Visitors will enjoy shopping in the many small and independent shops with which the city abounds. In particular, the city is renowned for the pedestrian arcades off Briggate, which runs between The Headrow and the River Aire. These were built in Victorian times and feature mosaic floors and wrought iron architecture that are worth seeing even if you have no interest in the shops!

A very different shopping experience is provided at Kirkgate Market, which is the largest market in the north of England, covered by a spectacular Edwardian iron and glass structure. The domed Corn Exchange is another example of Victorian architecture and civic pride; it now houses many boutiques and jewellery shops (among others) and also offers several options for a snack or a larger meal.

Leeds is a fine choice for its nightlife, with a wealth of bars, restaurants and clubs. The Grand Theatre and Opera House, on New Briggate, is home to Opera North, one of Europe’s premier opera companies. The City Varieties theatre presents old-time Victorian music hall (among other events) in an authentic setting.

Leeds is an excellent centre for several other attractions in the area. Mention must be made of Harewood House, seven miles to the north, which was designed in part by Robert Adam with grounds by Capability Brown and furniture by Thomas Chippendale. Temple Newsam, four miles east of the city, is a Tudor/Jacobean mansion that is filled with treasures including silverware, ceramics, and one of the best art collections in the north of England. It is surrounded by 1500 acres of parkland and there is also a rare breeds farm on the estate.
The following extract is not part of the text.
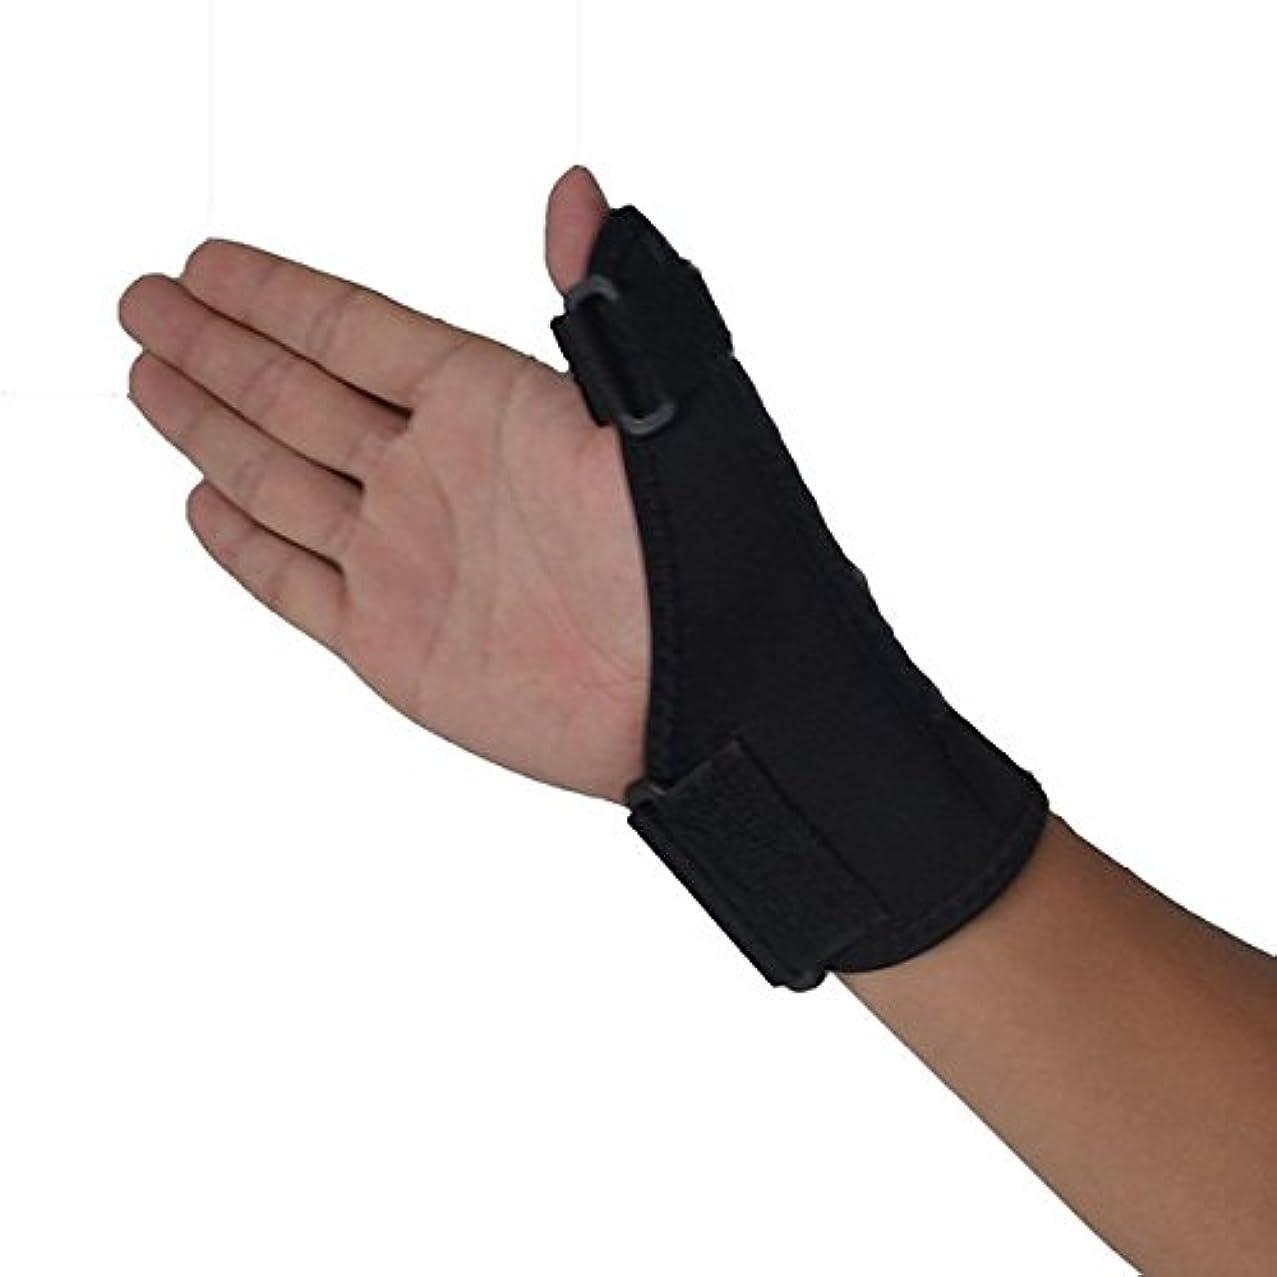 Forfar Thumb Protector Thumb Brace Hand Wrist Brace Guard Wrap Glove Support Gym Adjustable Equipment Black

Ten miles south is the National Coal Mining Museum, which features a 90-minute underground mine tour.

You also need to get out of town to experience the best open spaces around Leeds. Pride of place must go to Roundhay Park, with 700 acres of parkland, gardens, woods and lakes. There is abundant wildlife to be seen and sports facilities include tennis courts, a skateboard park and a golf course. A more recent addition is Tropical World, which boasts the largest collection of tropical plants in Britain, apart from Kew Gardens in London. The Butterfly House is a particular attraction as are the various houses devoted to specific tropical environments.

Other parks within easy reach include Golden Acre Park (next to Breary Marsh Nature Reserve), which is six miles north-east of central Leeds, and Middleton Park, four miles to the south, with ancient oak woodland and a preserved heritage steam railway.

Leeds may not come to mind as a first choice tourist destination, but perhaps it should!